Book Synopsis A Hanging in Nacogdoches by : Gary B. Borders
Download or read book A Hanging in Nacogdoches written by Gary B. Borders and published by University of Texas Press. This book was released on 2006-04-01 with total page 241 pages. Available in PDF, EPUB and Kindle. Book excerpt: Murder, race, politics, and polemics in Texas' oldest town, 1870-1916.
Book Synopsis Trammel's Trace by : Gary L. Pinkerton
Download or read book Trammel's Trace written by Gary L. Pinkerton and published by Texas A&M University Press. This book was released on 2016-11-01 with total page 394 pages. Available in PDF, EPUB and Kindle. Book excerpt: Trammel’s Trace tells the story of a borderlands smuggler and an important passageway into early Texas. Trammel’s Trace, named for Nicholas Trammell, was the first route from the United States into the northern boundaries of Spanish Texas. From the Great Bend of the Red River it intersected with El Camino Real de los Tejas in Nacogdoches. By the early nineteenth century, Trammel’s Trace was largely a smuggler’s trail that delivered horses and contraband into the region. It was a microcosm of the migration, lawlessness, and conflict that defined the period. By the 1820s, as Mexico gained independence from Spain, smuggling declined as Anglo immigration became the primary use of the trail. Familiar names such as Sam Houston, David Crockett, and James Bowie joined throngs of immigrants making passage along Trammel’s Trace. Indeed, Nicholas Trammell opened trading posts on the Red River and near Nacogdoches, hoping to claim a piece of Austin’s new colony. Austin denied Trammell’s entry, however, fearing his poor reputation would usher in a new wave of smuggling and lawlessness. By 1826, Trammell was pushed out of Texas altogether and retreated back to Arkansas Even so, as author Gary L. Pinkerton concludes, Trammell was “more opportunist than outlaw and made the most of disorder.”
Download or read book Red Book written by Alice Eichholz and published by Ancestry Publishing. This book was released on 2004 with total page 812 pages. Available in PDF, EPUB and Kindle.
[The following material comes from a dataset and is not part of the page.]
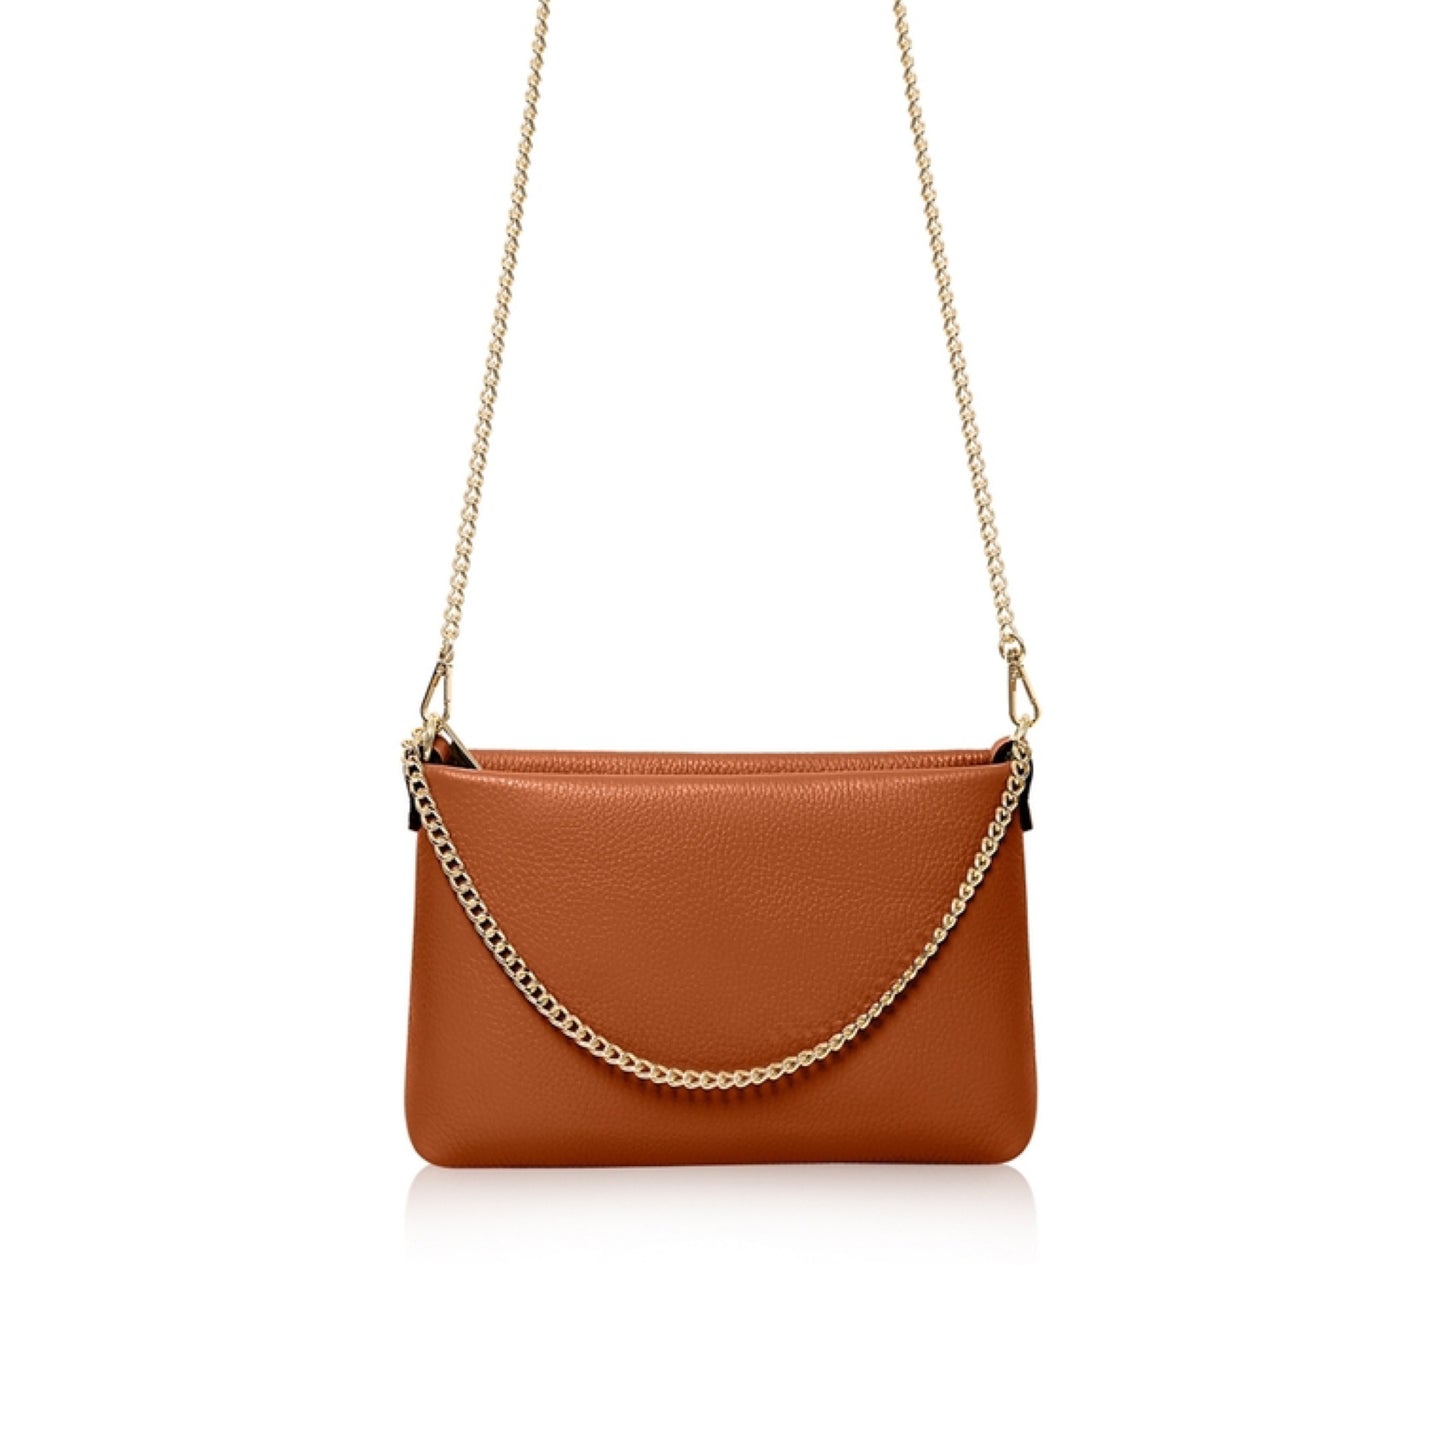 Chloe - gold chain leather handbag

Book excerpt: " ... provides updated county and town listings within the same overall state-by-state organization ... information on records and holdings for every county in the United States, as well as excellent maps from renowned mapmaker William Dollarhide ... The availability of census records such as federal, state, and territorial census reports is covered in detail ... Vital records are also discussed, including when and where they were kept and how"--Publisher decription.
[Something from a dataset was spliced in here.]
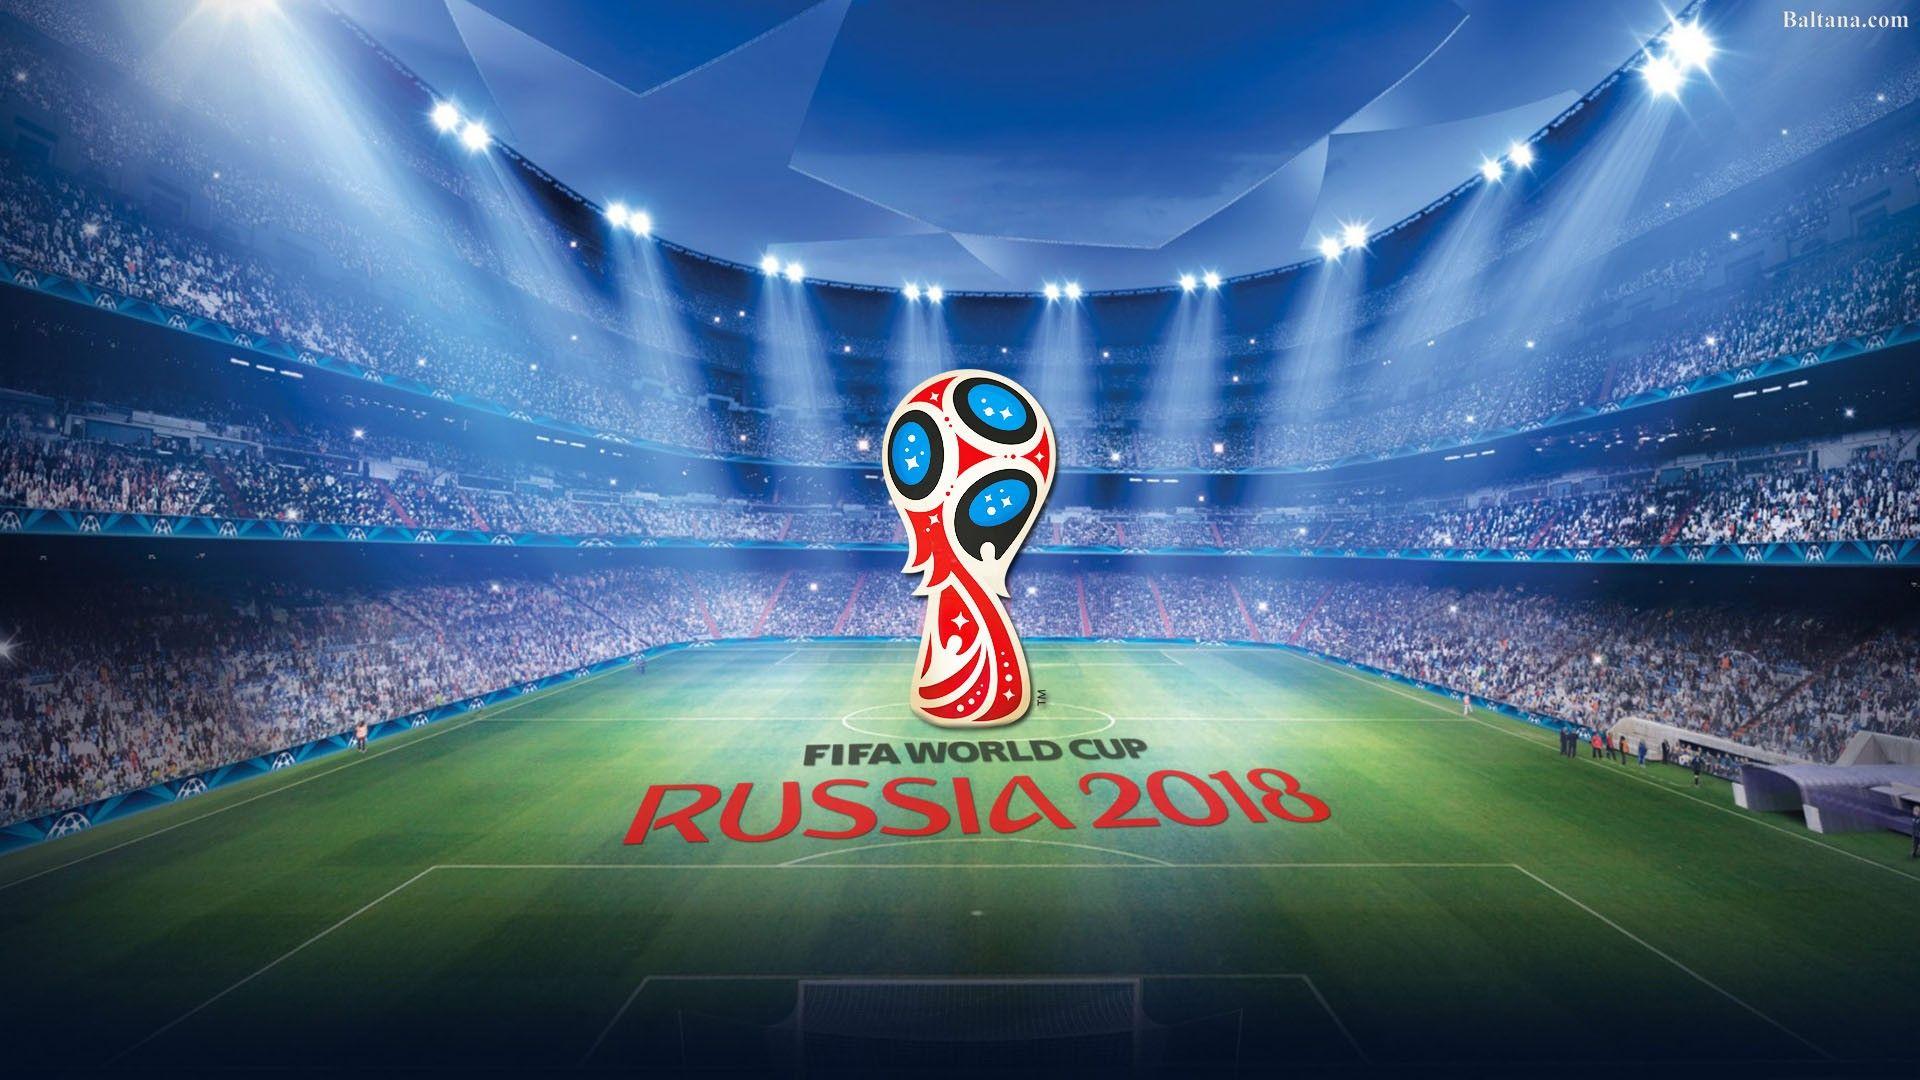 95 2018 FIFA World Cup Wallpapers  WallpaperSafari

Book Synopsis The History of Nacogdoches County, Texas by : R. W. Haltom
Download or read book The History of Nacogdoches County, Texas written by R. W. Haltom and published by . This book was released on 1880 with total page 88 pages. Available in PDF, EPUB and Kindle. Book excerpt:
Download or read book Freedom Colonies written by Thad Sitton and published by University of Texas Press. This book was released on 2005-03-01 with total page 257 pages. Available in PDF, EPUB and Kindle. Book excerpt: In the decades following the Civil War, nearly a quarter of African Americans achieved a remarkable victory—they got their own land. While other ex-slaves and many poor whites became trapped in the exploitative sharecropping system, these independence-seeking individuals settled on pockets of unclaimed land that had been deemed too poor for farming and turned them into successful family farms. In these self-sufficient rural communities, often known as "freedom colonies," African Americans created a refuge from the discrimination and violence that routinely limited the opportunities of blacks in the Jim Crow South. Freedom Colonies is the first book to tell the story of these independent African American settlements. Thad Sitton and James Conrad focus on communities in Texas, where blacks achieved a higher percentage of land ownership than in any other state of the Deep South. The authors draw on a vast reservoir of ex-slave narratives, oral histories, written memoirs, and public records to describe how the freedom colonies formed and to recreate the lifeways of African Americans who made their living by farming or in skilled trades such as milling and blacksmithing. They also uncover the forces that led to the decline of the communities from the 1930s onward, including economic hard times and the greed of whites who found legal and illegal means of taking black-owned land. And they visit some of the remaining communities to discover how their independent way of life endures into the twenty-first century.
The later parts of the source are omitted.